I was always the girl that no-one wanted to be seen with at school. You know the type; quiet, nerdy, and more often be seen reading a book than talking with another human being. Even after I grew out of my nerdy stage, I still wore a proverbial banner around my neck that read ‘WARNING: Preconceived notions attached. Speak to at own risk.’ It wasn’t the glasses I wore; I ditched them for contacts in year nine. It wasn’t my hair, either; I must’ve tried a thousand different styles above a thousand different smiles in my search to fit in, but nothing worked. I just couldn’t put my finger on it.
Fitting in wasn’t the only problem that dogged my schooling though, of course; as they say, bad things come in threes. My childhood was practically a montage of violence, alcohol and failure.
A father whose mid-life crisis drove him to drink. The empty bottles, scattered across the kitchen table every morning, that drove us to poverty. The half-empty paychecks that drove my father to anger. The undirected rage that drove my father to hit my mother. The beatings that drove my mother to drink like my father. The alcohol that drove my parents to separate at the end of year eleven.
And so on and so forth; a classic case of self-perpetuating domestic violence. My floor-scraping grades could be blamed away as the fault of the situation at home, but for the sake of the whole ‘bad things come in threes’ thing it can have its own little place in my book of mishaps.
As if things weren’t bad enough on their own, I had little miss Clarabelle Daisy to make me look all the worse by comparison.
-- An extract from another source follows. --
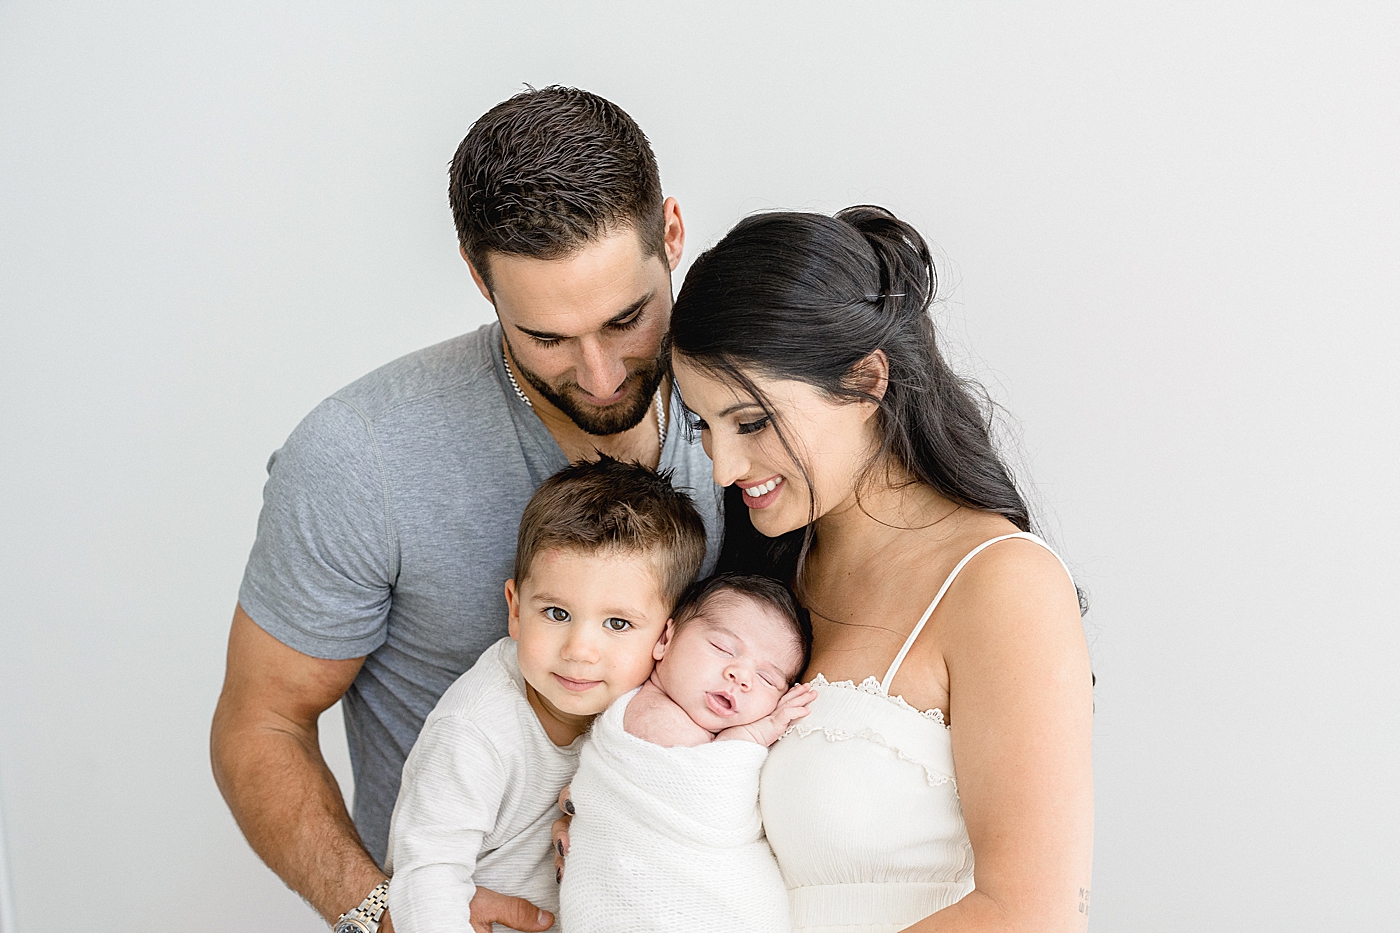 Sweet family moment during newborn session in Tampa photography studio with Brittany Elise Photography.

Clara is one of those people who must have a guardian angel hanging over their shoulder. Everyone thought so – even she claimed to have heard an angel singing to her when she cried this one time in year five. There was no real way to prove or disprove that though, because little miss never cried apart from that one time. I mean, why would she have to? She lived the perfect life.
By virtue of her radiant beauty and polished smile the other girls in our year – we had to be in the same year at school, of course – elevated her to ‘unofficial’ head of the ‘unofficial’ popular group, whose word was pretty much law amongst anyone with any hope of being one of the ‘pretty girls’. And, by virtue of her flawless grades and selfless after-school charity work, the teachers elevated her to the position of Head Girl in year twelve – which came as a surprise to no-one, by the way. It’s little surprise she had such a good academic and community track record; her parents were as wealth as the Catholic Church, so – unlike me – she didn’t need to get a job, but could spend her time studying and giving starving African children bread or some crap.
Oh, and partying. Don’t forget the partying, though I can only guess how much time she spent on that. I was never invited to any.
As the end of year twelve loomed into view and I was still friendless and failing – not to mention torn up over my parent’s recent divorce – I decided that something needed to change. I’d had enough of always being at the bottom while Clara sailed effortlessly above the clouds. There’s only so much one can take – and twelve years is way past that limit.
So in term three, I decided to make my way down to my local library and loan out some self-help books. Not those trashy, vain self-help books for people who don’t actually need help; I was looking for the heavy duty stuff for serious people. It took some hunting, but eventually I found some battered old books that looked like they would do the trick. I took them out and took them home, and dedicated as many hours between coming home from school and the tear-soaked, crumpling mess that was dinner with my mother as I could find to following their steps to the letter.
And it worked. I managed to pull my grades together enough to pass my exams and get into a course in business management at university. Everyone’s jaw hit the floor when they heard – but that wasn’t really what mattered to me, as nice as it was to be able to know people are talking about you behind your back in a good way for once.
No, what really mattered to me was the way people saw me once I was in university. I made a good first impression there, and kept it up with ease; friends came slowly but surely, as did the high grades. I was doing something I enjoyed and I was doing it in an environment that I felt comfortable in. Now it was me that everyone said had the guardian angel over my shoulder; I moved out of home in my first year at uni, and my personal life settled down immensely as a result.
Clara, on the other hand – little miss Clarabelle Daisy – took a turn in the other direction, though. Her grandmother died a few weeks before our final year twelve exams, and she bombed out horribly. Her application for a re-sit was rejected to boot. She didn’t get into the law degree she and everyone else had expected she would, and with no other plan – who would have expected the little miss not to get what she wanted? – she drifted aimlessly for months. Last I heard she’d gotten involved with drugs and alcohol; rumour had it she was running out of money – her parents had cut her off from their supply, see – and some slack-jaws were spinning tales that she was whoring herself out to guys for money. Even the most gullible didn’t believe that last one of course, but there are still some who say it’s only a matter of time.
Still, she should be thankful. She got a good childhood; no worries or cares, always kept safe and snuggled by her guardian angel. Now it’s my turn; I want some of that security and prosperity that she always took for granted. So what if her life’s falling apart just as mine’s finally coming together? I survived without any sort of angel watching over me, so she should be able to do the same. She was always the stronger one, after all; the smarter one, the prettier one, the richer one.
Besides, I’ve grown quite fond of my attic angel. I do love sitting under the trapdoor and listening to him sing all through the night.